House panel warns of cataclysmic changes in Himalayan region

No government study on shrinking glaciers in 7 decades

Photo for representation. — iStock

Tribune News Service

Aditi Tandon

New Delhi, March 29

Despite an increase in extreme weather events in the Himalayan region, no study has been conducted in the government system in seven decades to assess the loss of glacier volume or warming to be able to predict potential cataclysmic changes.

This has been observed by the parliamentary standing committee on water resources in its report on “Glacier management in India” tabled in Parliament on Wednesday. The report was undertaken in the wake of frequent disasters in the Himalayan region and the most recent flash flood that occurred in Uttarakhand’s Chamoli in February 2021 due to glacial lake outburst leading to loss of lives. Red-flagging the dangers of lack of data for predictions, the committee has called for urgent establishment of a dedicated Mountain Hazard and Research Institute.

The recommendation followed the Geological Survey of India’s deposition that it had not conducted any specific studies on the estimated volume loss of glaciers between 1950 and 2020 and also not projected any estimate of loss by 2100. Further, there is no comprehensive information about the volume loss of glaciers in the Indian Himalayan Region nor has the Ministry of Environment, Forest and Climate Change conducted any study or awarded any project on the warming of Himalayan glaciers, the panel said.
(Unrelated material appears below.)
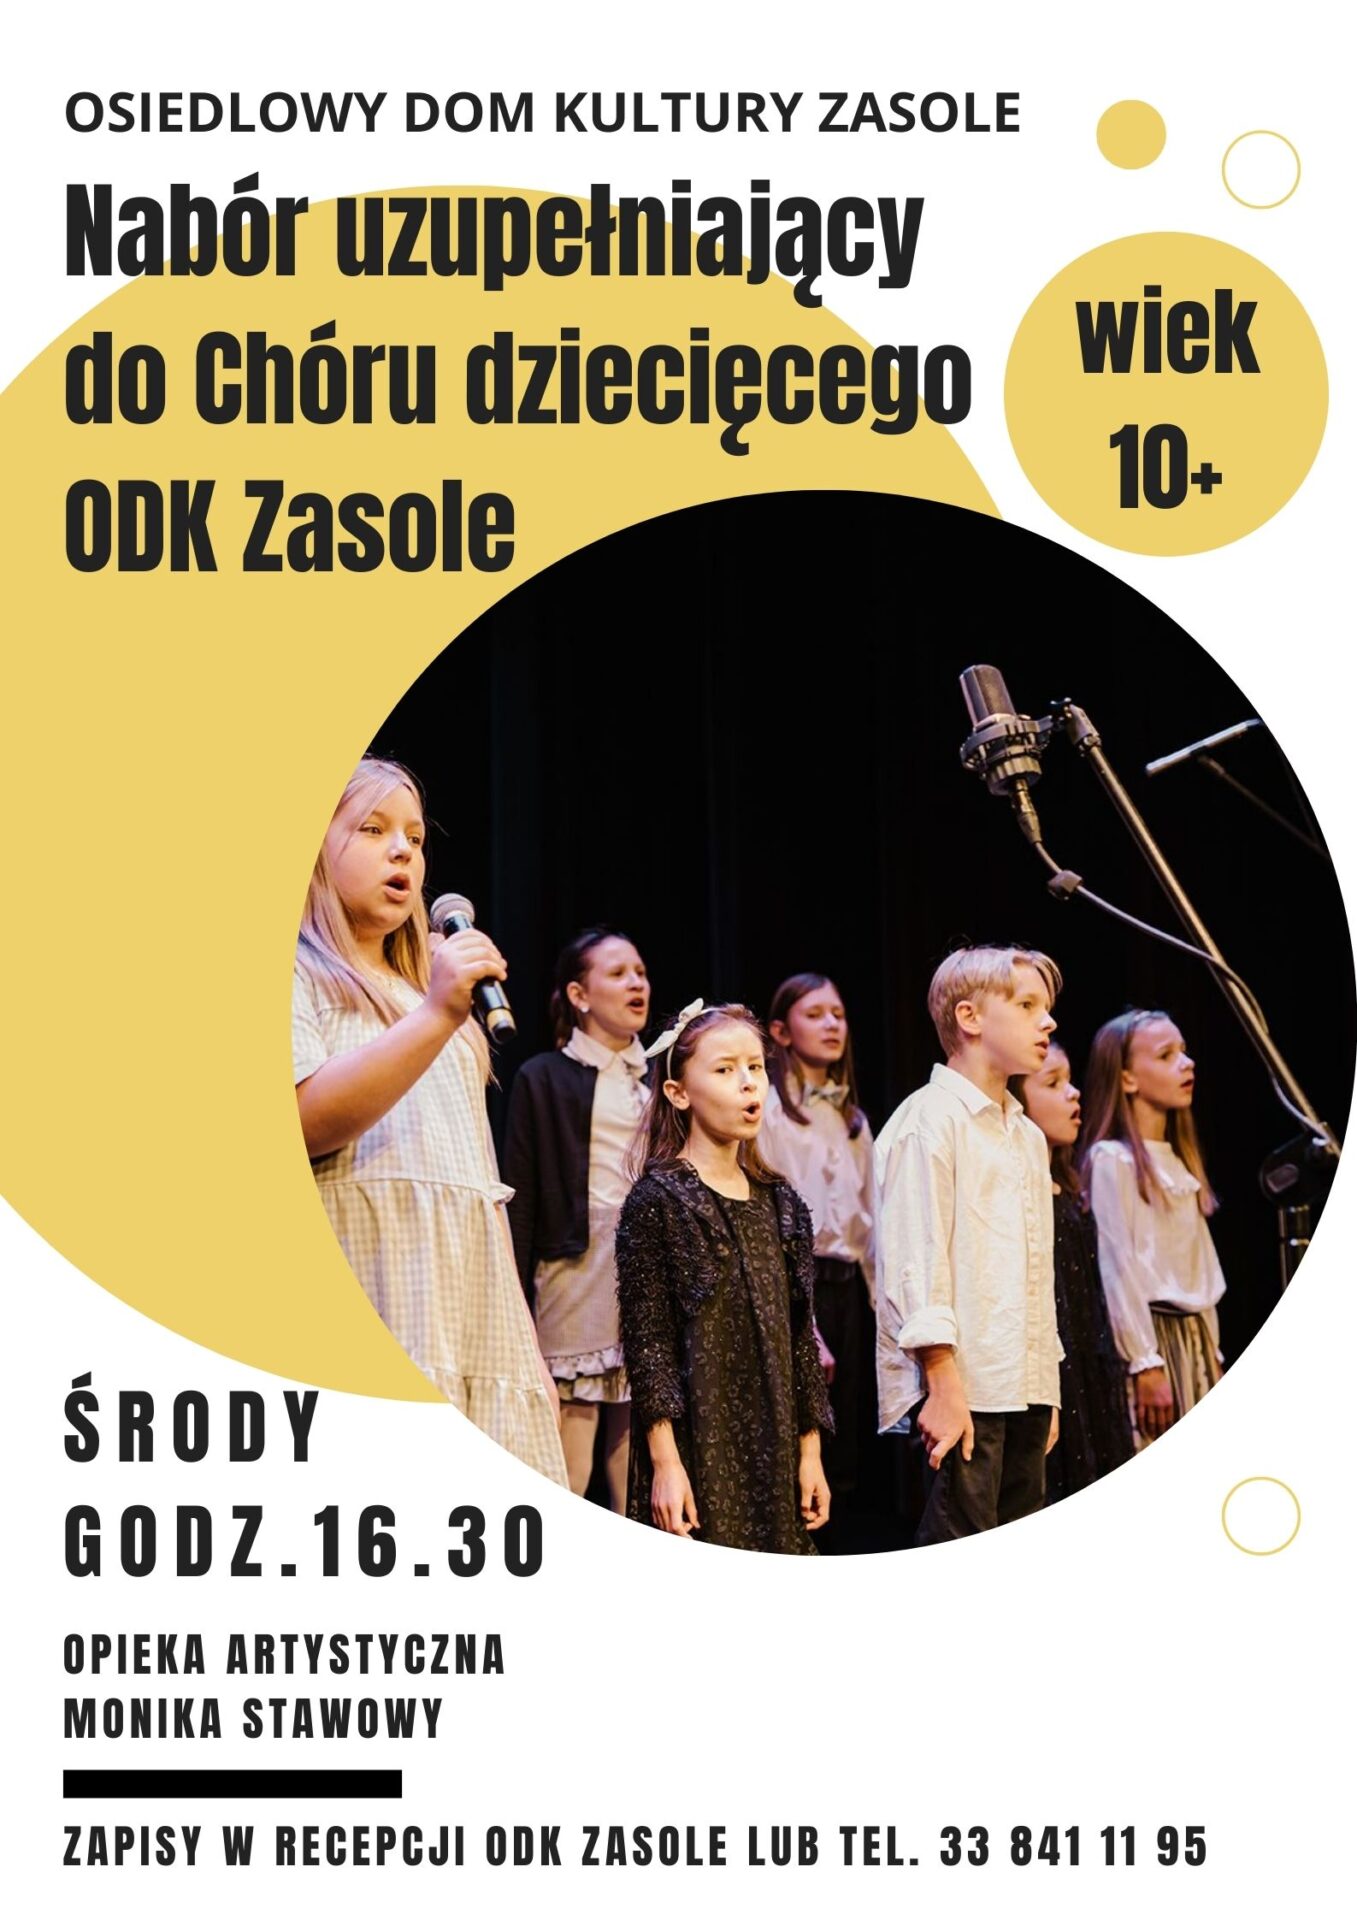 Plakat z informacją o naborze do CHóru dziecięcego ODK Zasole i zdjęcie śpiewających dzieci

“The Central Water Commission has not issued any advisory to the local governments concerned regarding the anticipation of floods caused by avalanches, cloudburst landslides in the Himalayan region. There is also no specific information on stretches of the Himalayas where the danger of melting of glaciers and consequent glacial lake outburst floods are most severe. ISRO and the GSI have also not conducted any study on temporal changes in glacial lake numbers and their extent,” the committee noted.

Adding that no study has been carried out by the GSI, ISRO and Department of Science and Technology to even critically analyse the enlargement and origin of glacial lakes near human settlements and their potential cause for a lake outburst, the panel said, “Considering these gaps, we recommend an overarching organisation at the national level that can coordinate with others in handling different hydro-geological and hydro-meteorological hazards, including glacier-related hazards, bring findings at one place and maintain reliable database for everyone to access and issue timely alerts.”

Glaciers remain important components of the hydrological cycles of the Indian Himalayan Region and a source of three large river systems — Indus, Ganga and the Brahmaputra — which provide water security to millions of people and ensure water availability even in the post-monsoon period.

The panel notes that the Indian Himalayan Region has 9,775 glaciers and 1,306.1 cubic km of ice volume (about 1,110 cu km of water) is locked up in glacierised basins of the Indus, Ganga and Brahmaputra, though specific information about separate volume of ice and snow water is not available.

The thinning of Himalayan glaciers has been accelerated in recent years. Accordingly, the committee observed that close and frequent monitoring of glaciers, glacier discharge, glacial lakes and prospective glacial lake outburst floods in the Himalayan region have become vital and critically important as never before for predicting and mitigating the potential hazard disasters that may arise in future.

Importantly, the late RK Pachauri had led the Intergovernmental Panel on Climate Change’s study on Himalayan glacier melting for which he along with former US Vice-President Al Gore received a Nobel prize.